:: WORK INSTRUCTION ::
Look through the data below for the line with "Red Tennis Court at Sunrise" and the line with "Fishing Spoon Lure", then transcribe exactly from the first through the second, leaving out all pictures.

----- DATA FOR THIS TASK -----

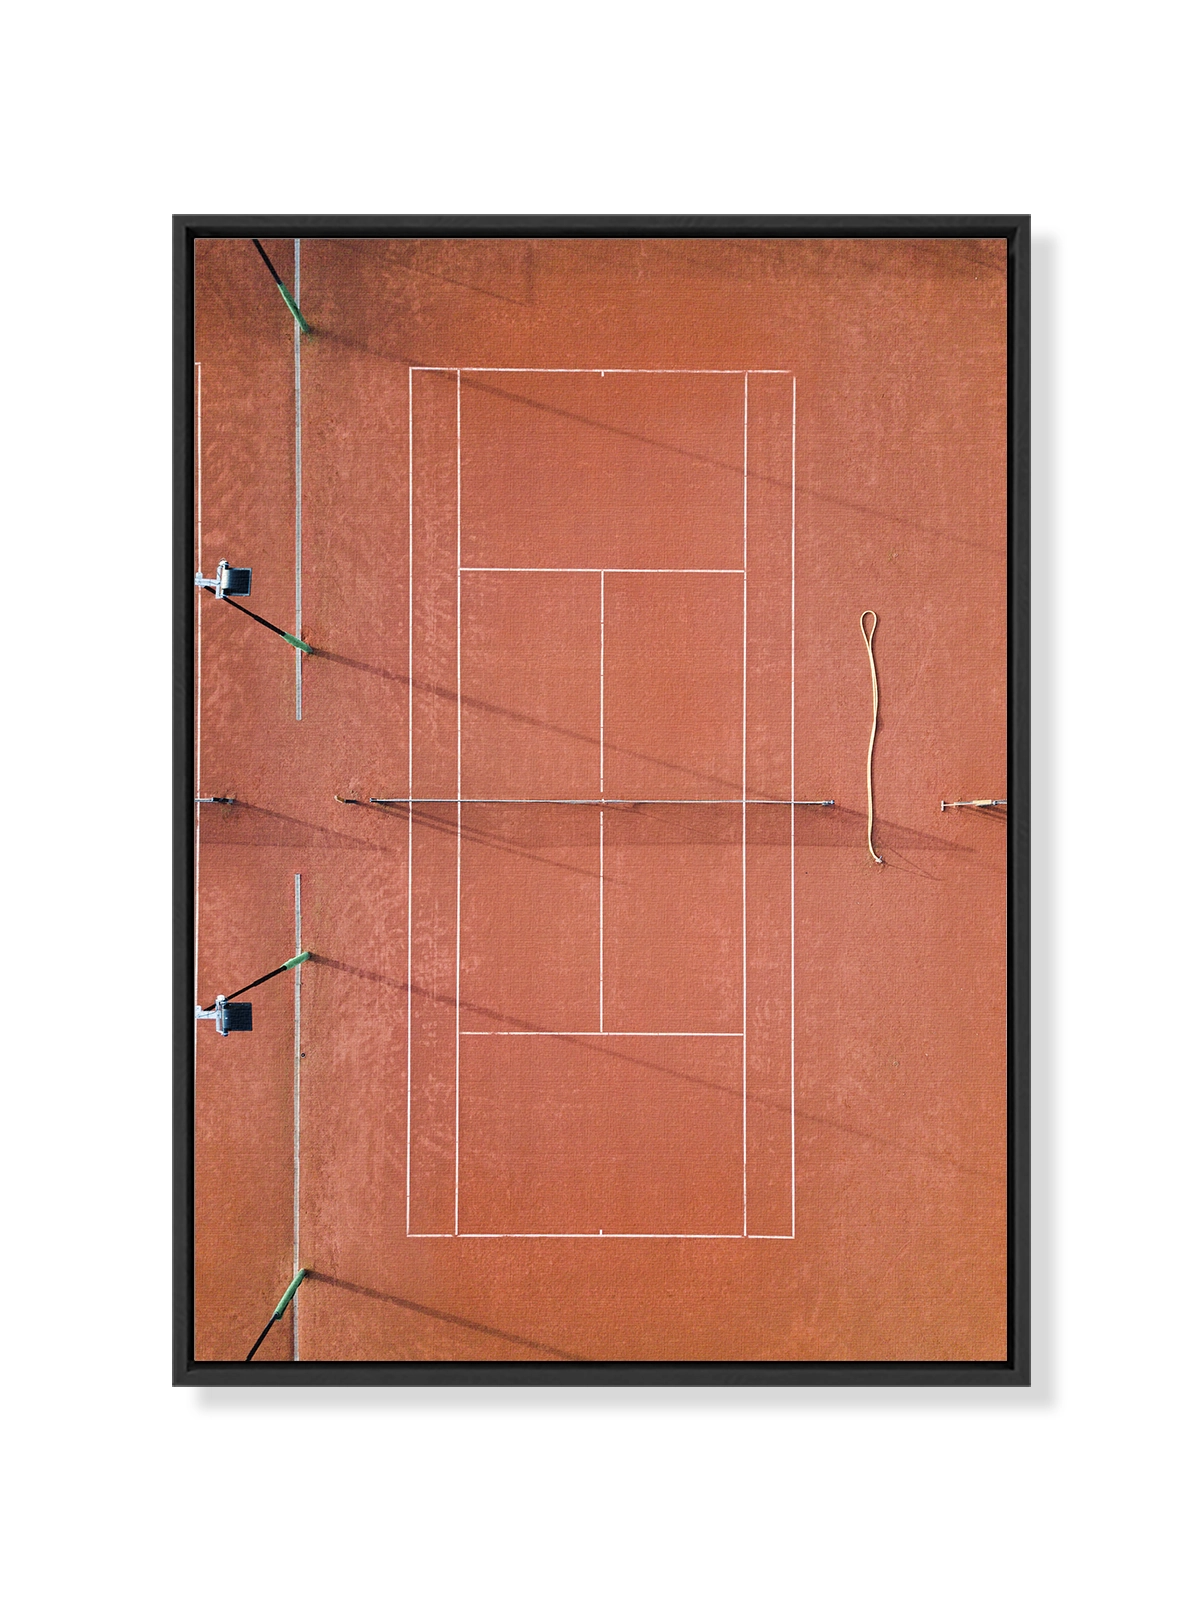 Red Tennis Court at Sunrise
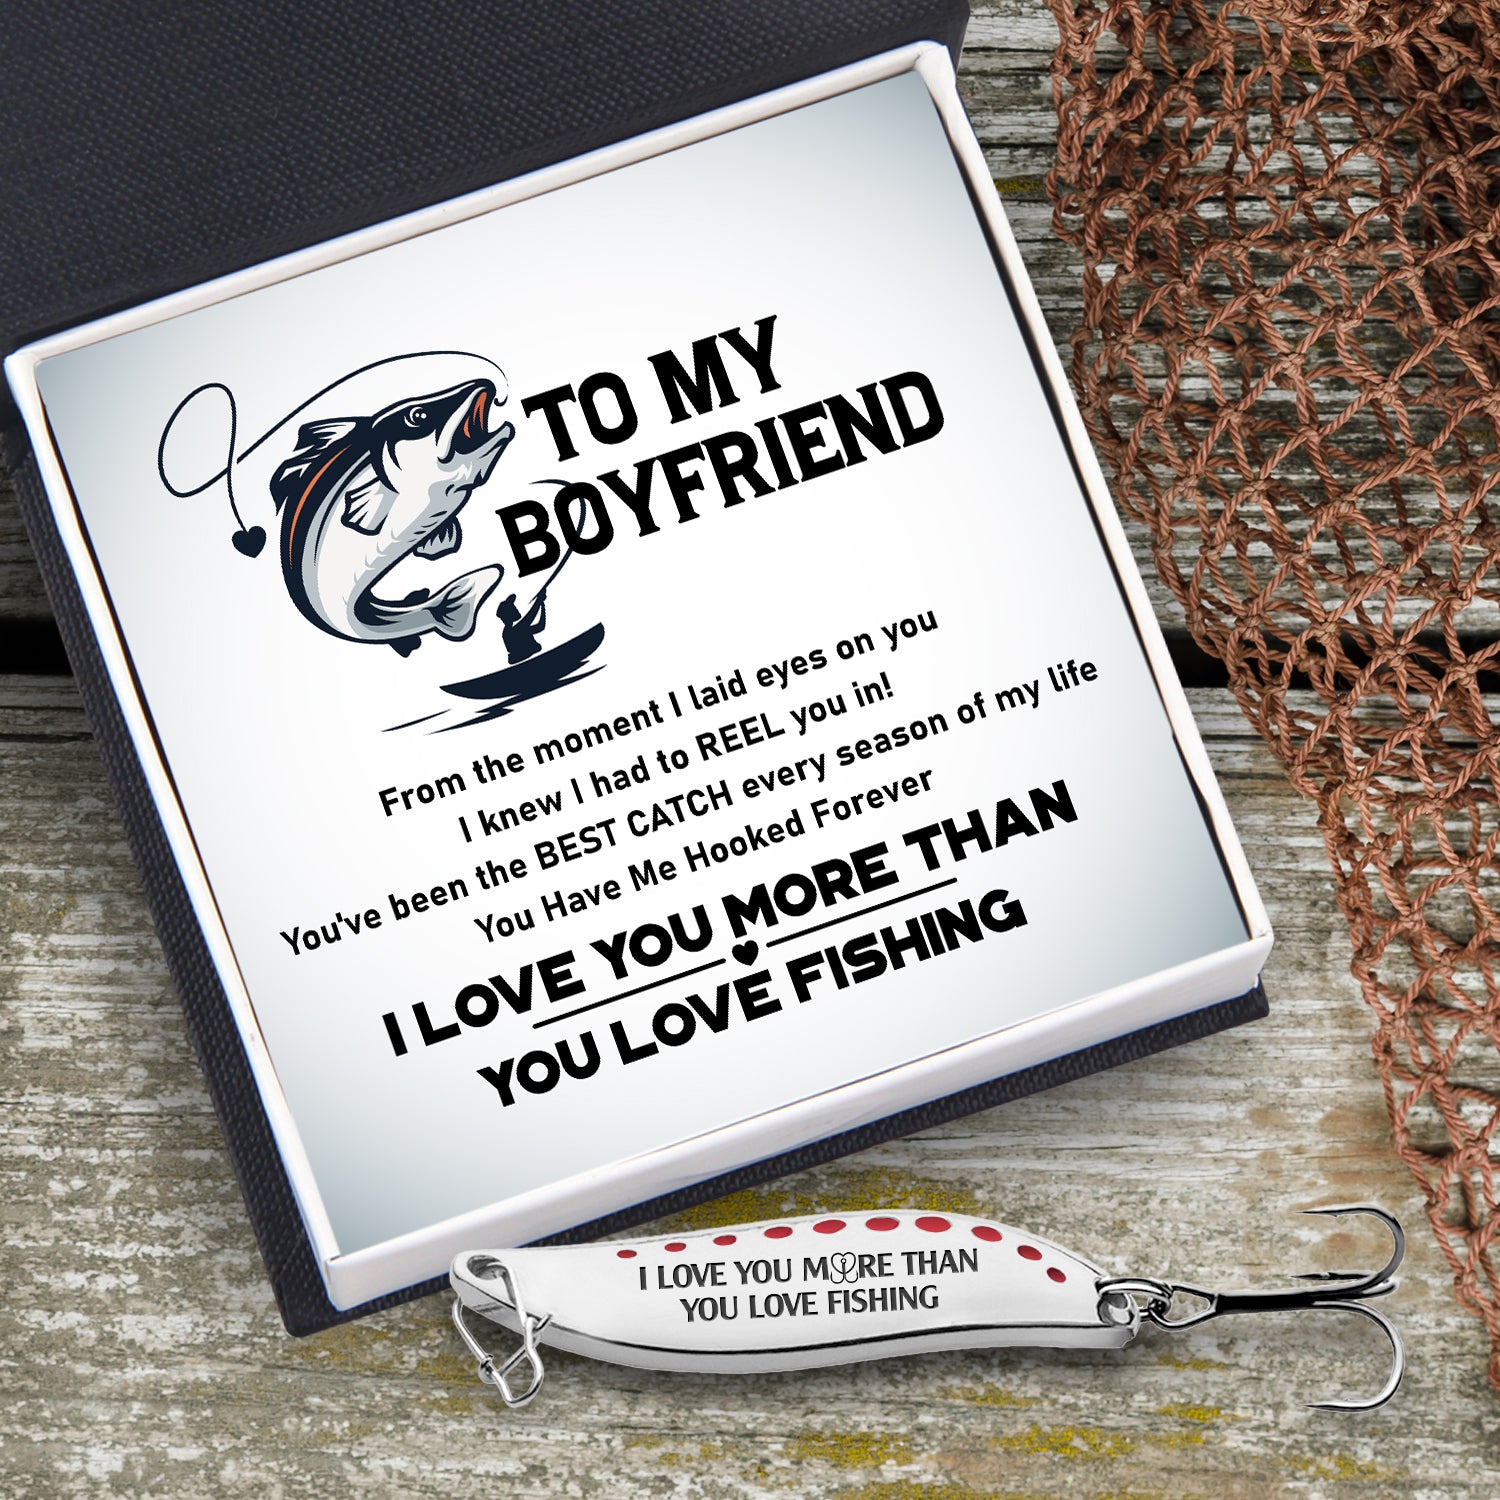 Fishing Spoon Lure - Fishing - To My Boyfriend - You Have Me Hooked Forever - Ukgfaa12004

-----
----- DATA FOR THIS TASK -----

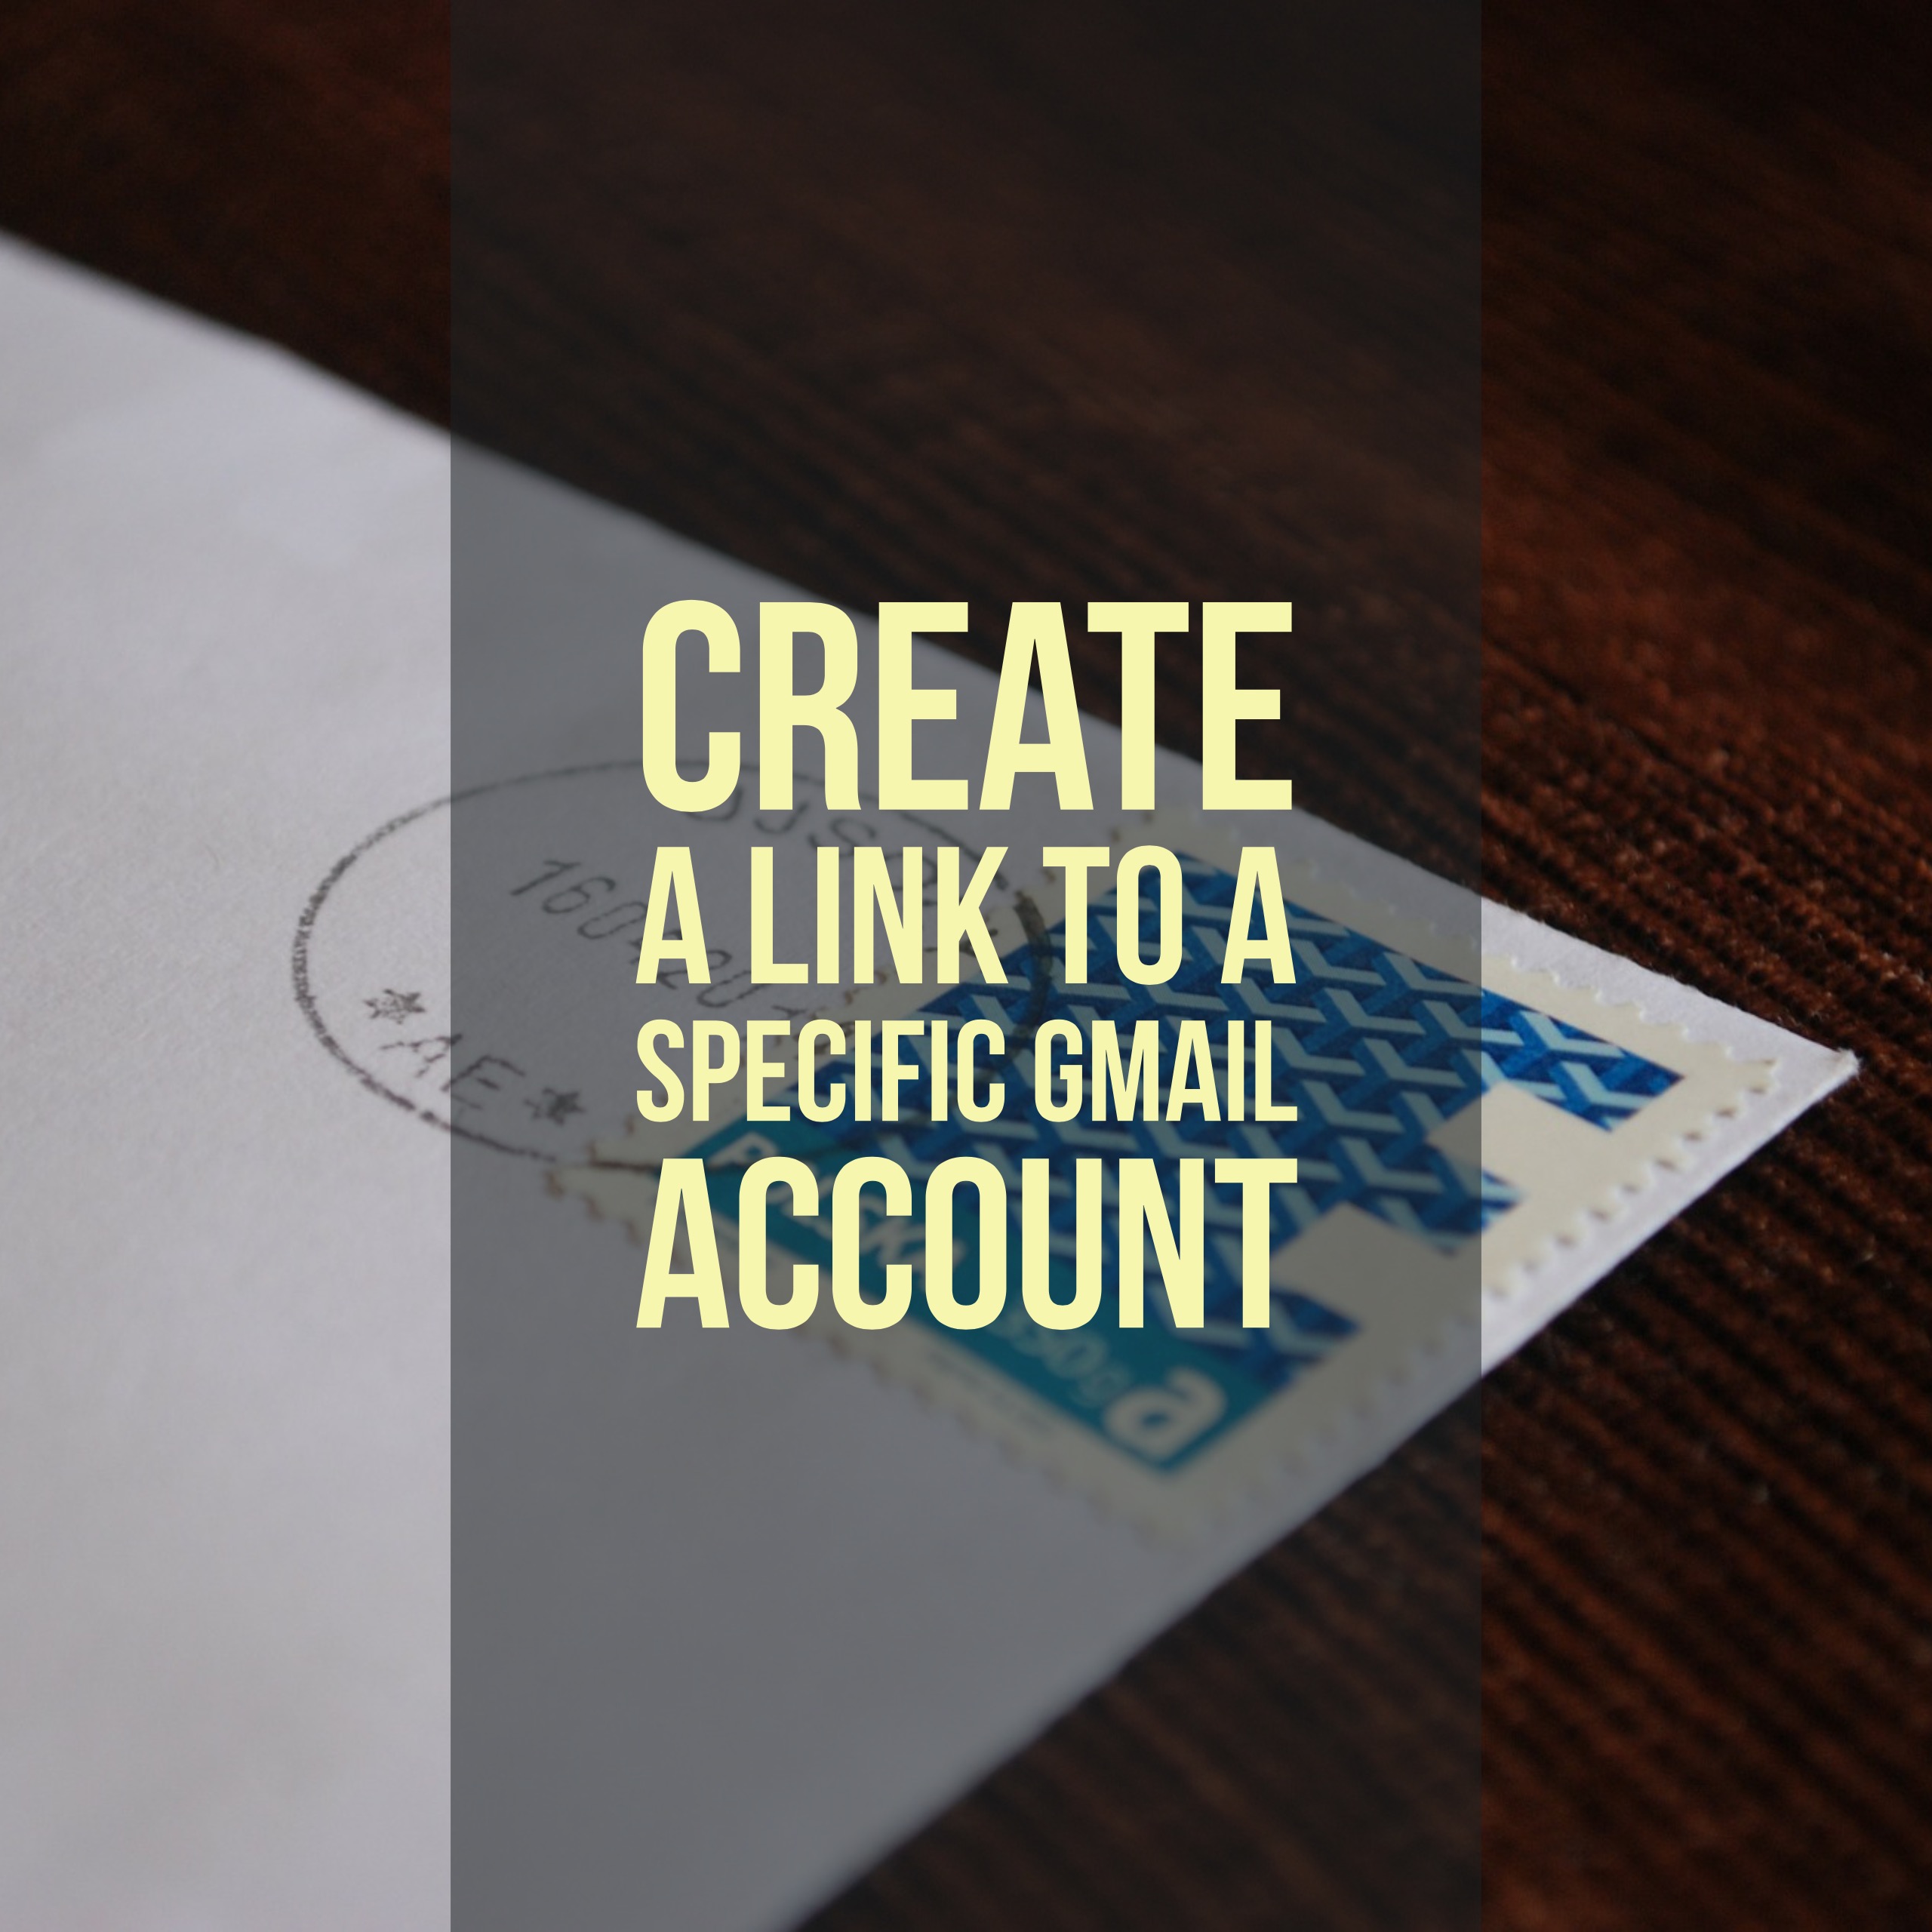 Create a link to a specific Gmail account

-----

:: EXERCISE RESULT ::
 Red Tennis Court at Sunrise
 Fishing Spoon Lure - Fishing - To My Boyfriend - You Have Me Hooked Forever - Ukgfaa12004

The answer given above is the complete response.